(Saved entries)
-*-

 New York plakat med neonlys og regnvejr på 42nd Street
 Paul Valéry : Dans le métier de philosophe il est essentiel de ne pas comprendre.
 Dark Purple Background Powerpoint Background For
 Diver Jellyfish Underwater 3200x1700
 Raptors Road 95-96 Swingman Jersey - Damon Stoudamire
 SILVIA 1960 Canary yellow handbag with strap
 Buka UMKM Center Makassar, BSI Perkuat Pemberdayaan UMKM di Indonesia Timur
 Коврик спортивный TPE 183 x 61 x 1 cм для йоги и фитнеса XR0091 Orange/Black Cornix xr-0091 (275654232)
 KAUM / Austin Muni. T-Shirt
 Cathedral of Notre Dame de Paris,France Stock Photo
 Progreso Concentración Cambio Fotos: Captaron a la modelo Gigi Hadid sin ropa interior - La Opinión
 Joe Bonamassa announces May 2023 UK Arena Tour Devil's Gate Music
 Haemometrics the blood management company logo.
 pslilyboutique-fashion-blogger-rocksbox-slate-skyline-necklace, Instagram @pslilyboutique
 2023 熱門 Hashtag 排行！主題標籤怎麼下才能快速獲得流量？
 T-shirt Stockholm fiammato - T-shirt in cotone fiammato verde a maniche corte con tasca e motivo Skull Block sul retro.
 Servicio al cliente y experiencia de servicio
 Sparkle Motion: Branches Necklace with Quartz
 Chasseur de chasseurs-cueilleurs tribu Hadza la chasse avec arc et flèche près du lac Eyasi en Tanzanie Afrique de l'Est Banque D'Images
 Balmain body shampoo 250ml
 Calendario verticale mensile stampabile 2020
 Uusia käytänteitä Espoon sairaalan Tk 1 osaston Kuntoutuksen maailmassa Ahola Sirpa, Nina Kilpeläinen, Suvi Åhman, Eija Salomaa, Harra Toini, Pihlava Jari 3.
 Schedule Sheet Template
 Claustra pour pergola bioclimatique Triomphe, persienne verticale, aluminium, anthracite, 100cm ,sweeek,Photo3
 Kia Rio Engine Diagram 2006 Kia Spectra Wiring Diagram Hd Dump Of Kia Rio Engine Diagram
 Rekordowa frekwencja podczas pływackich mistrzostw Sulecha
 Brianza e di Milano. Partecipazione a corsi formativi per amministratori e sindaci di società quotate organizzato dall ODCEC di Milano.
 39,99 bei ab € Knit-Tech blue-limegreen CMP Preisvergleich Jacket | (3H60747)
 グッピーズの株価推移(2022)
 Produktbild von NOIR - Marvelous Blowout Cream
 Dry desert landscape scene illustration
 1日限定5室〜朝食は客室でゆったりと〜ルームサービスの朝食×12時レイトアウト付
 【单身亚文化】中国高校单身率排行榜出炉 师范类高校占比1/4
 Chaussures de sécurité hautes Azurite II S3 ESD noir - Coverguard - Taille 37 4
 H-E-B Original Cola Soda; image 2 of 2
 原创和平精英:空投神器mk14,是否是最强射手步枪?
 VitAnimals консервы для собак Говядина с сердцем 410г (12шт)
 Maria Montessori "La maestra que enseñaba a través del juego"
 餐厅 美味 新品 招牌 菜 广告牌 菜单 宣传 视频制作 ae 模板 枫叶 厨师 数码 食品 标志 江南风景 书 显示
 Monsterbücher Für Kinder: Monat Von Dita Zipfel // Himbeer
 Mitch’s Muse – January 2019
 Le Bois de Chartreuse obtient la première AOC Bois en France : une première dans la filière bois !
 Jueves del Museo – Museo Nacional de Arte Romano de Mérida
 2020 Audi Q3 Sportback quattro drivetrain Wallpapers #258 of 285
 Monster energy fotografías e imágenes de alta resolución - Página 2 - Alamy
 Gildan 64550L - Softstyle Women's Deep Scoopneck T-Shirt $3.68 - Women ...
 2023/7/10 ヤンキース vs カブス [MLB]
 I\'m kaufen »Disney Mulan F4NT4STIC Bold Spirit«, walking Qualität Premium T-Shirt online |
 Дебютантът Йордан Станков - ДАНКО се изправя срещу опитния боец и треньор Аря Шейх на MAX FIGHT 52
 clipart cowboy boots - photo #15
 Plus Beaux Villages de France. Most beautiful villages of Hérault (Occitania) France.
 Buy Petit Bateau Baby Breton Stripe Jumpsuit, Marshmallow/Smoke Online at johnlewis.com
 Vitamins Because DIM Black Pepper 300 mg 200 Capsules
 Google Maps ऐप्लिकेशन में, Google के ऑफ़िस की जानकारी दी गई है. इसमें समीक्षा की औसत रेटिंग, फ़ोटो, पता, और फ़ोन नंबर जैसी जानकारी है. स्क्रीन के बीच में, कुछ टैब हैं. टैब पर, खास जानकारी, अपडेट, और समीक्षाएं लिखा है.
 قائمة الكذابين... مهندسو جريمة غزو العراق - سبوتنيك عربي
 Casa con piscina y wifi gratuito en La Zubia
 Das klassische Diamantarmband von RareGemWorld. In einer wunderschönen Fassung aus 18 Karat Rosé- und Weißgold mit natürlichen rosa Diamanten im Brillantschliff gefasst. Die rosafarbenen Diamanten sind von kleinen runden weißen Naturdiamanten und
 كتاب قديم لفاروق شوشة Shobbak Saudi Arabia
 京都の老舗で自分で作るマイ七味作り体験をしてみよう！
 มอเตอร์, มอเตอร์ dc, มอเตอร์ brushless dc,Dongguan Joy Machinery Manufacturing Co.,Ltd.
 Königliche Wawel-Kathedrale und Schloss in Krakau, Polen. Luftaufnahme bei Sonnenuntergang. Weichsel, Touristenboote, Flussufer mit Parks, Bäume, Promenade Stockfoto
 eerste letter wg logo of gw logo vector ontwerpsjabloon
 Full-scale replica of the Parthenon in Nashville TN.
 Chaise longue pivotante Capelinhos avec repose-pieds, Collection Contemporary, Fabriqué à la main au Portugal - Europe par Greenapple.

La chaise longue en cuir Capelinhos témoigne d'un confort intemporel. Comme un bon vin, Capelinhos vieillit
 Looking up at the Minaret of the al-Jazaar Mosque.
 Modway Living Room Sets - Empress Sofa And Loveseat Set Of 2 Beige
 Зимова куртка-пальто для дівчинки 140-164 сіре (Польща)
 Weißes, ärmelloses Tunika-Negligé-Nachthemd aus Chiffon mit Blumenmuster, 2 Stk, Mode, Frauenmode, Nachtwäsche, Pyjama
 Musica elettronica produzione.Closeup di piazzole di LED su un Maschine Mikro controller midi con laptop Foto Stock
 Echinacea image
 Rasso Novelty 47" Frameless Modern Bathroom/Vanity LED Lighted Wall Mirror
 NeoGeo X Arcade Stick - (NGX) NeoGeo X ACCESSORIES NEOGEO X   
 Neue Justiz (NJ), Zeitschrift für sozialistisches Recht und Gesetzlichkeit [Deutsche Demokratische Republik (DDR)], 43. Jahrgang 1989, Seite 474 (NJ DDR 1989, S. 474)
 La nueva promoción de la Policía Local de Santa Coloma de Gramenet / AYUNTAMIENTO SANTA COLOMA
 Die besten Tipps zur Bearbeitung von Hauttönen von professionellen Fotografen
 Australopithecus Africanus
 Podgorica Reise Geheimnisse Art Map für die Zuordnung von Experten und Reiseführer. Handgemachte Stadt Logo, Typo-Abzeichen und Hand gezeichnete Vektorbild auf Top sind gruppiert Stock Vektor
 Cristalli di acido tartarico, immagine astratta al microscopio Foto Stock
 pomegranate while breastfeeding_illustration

-*-

Exercise:
Look above for the line containing "Зимова куртка-пальто для". Return it and each line after it exactly, through the last line, and nothing more.

Your solution:
 Зимова куртка-пальто для дівчинки 140-164 сіре (Польща)
 Weißes, ärmelloses Tunika-Negligé-Nachthemd aus Chiffon mit Blumenmuster, 2 Stk, Mode, Frauenmode, Nachtwäsche, Pyjama
 Musica elettronica produzione.Closeup di piazzole di LED su un Maschine Mikro controller midi con laptop Foto Stock
 Echinacea image
 Rasso Novelty 47" Frameless Modern Bathroom/Vanity LED Lighted Wall Mirror
 NeoGeo X Arcade Stick - (NGX) NeoGeo X ACCESSORIES NEOGEO X   
 Neue Justiz (NJ), Zeitschrift für sozialistisches Recht und Gesetzlichkeit [Deutsche Demokratische Republik (DDR)], 43. Jahrgang 1989, Seite 474 (NJ DDR 1989, S. 474)
 La nueva promoción de la Policía Local de Santa Coloma de Gramenet / AYUNTAMIENTO SANTA COLOMA
 Die besten Tipps zur Bearbeitung von Hauttönen von professionellen Fotografen
 Australopithecus Africanus
 Podgorica Reise Geheimnisse Art Map für die Zuordnung von Experten und Reiseführer. Handgemachte Stadt Logo, Typo-Abzeichen und Hand gezeichnete Vektorbild auf Top sind gruppiert Stock Vektor
 Cristalli di acido tartarico, immagine astratta al microscopio Foto Stock
 pomegranate while breastfeeding_illustration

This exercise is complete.